"Like an animal inside a skull looking out the eyeholes."


The sentence above is one of many great lines in Cormac McCarthy's new book The Road. I just read this, and my head is still swimming in it, and thus not able to break it a part too much and discuss smartly, but wanted to mention it here quickly for those who have not read it. Yet. The basic plot concerns a father and son traveling along a road toward the ocean a couple years after the world has ended. I know it sounds like mad max but its more like Hamsun's Pan or Hemingway. Written in a deliberate, fractured style with no chapter breaks, it's an incredibly grim book, with suicide, cannibalism, rape, and murder, but the unrelenting story is elevated by some truly poetic writing that gives the nightmarish aspects of the book real emotional weight (stephen king has not, nor will ever, write a line as good as "Borrowed time and borrowed world and borrowed eyes with which to sorrow it.").

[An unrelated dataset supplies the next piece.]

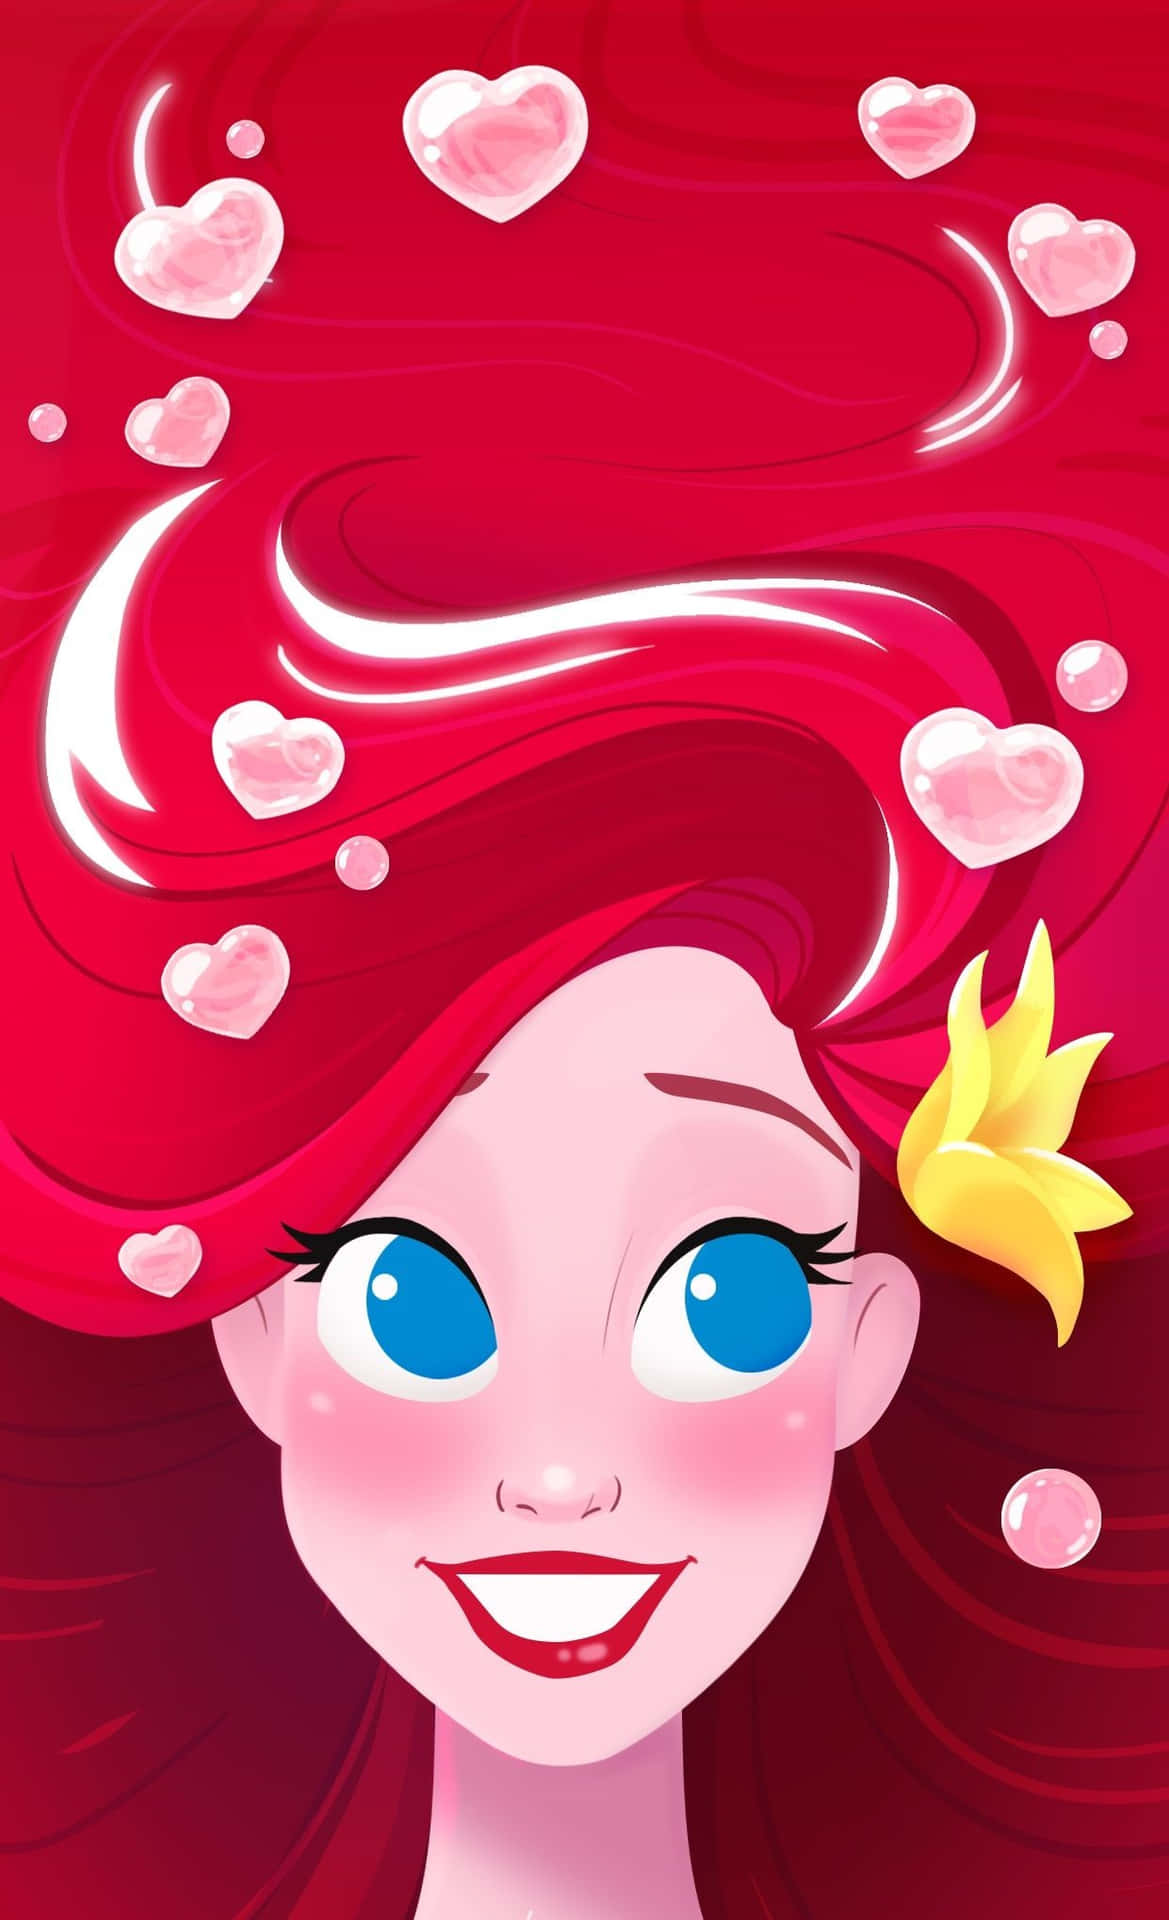 Uttryckdin Kärlek På Alla Hjärtans Dag Med Disney! Wallpaper

It's that rare piece of genre fiction that 100% delivers at being a great page turner, but also stays with you afterward for a host of varied, wide ranging reasons. Like the father washing a dead man's splattered brains from his eight year old son's hair in a shallow grey stream (and noting that he lives in world where he does such a thing) to the haunting descriptions of an American landscape where every tree is charred fruitless and ash comes down with the snow endlessly.
An incredibly draining read, but a really rewarding one. Check it out.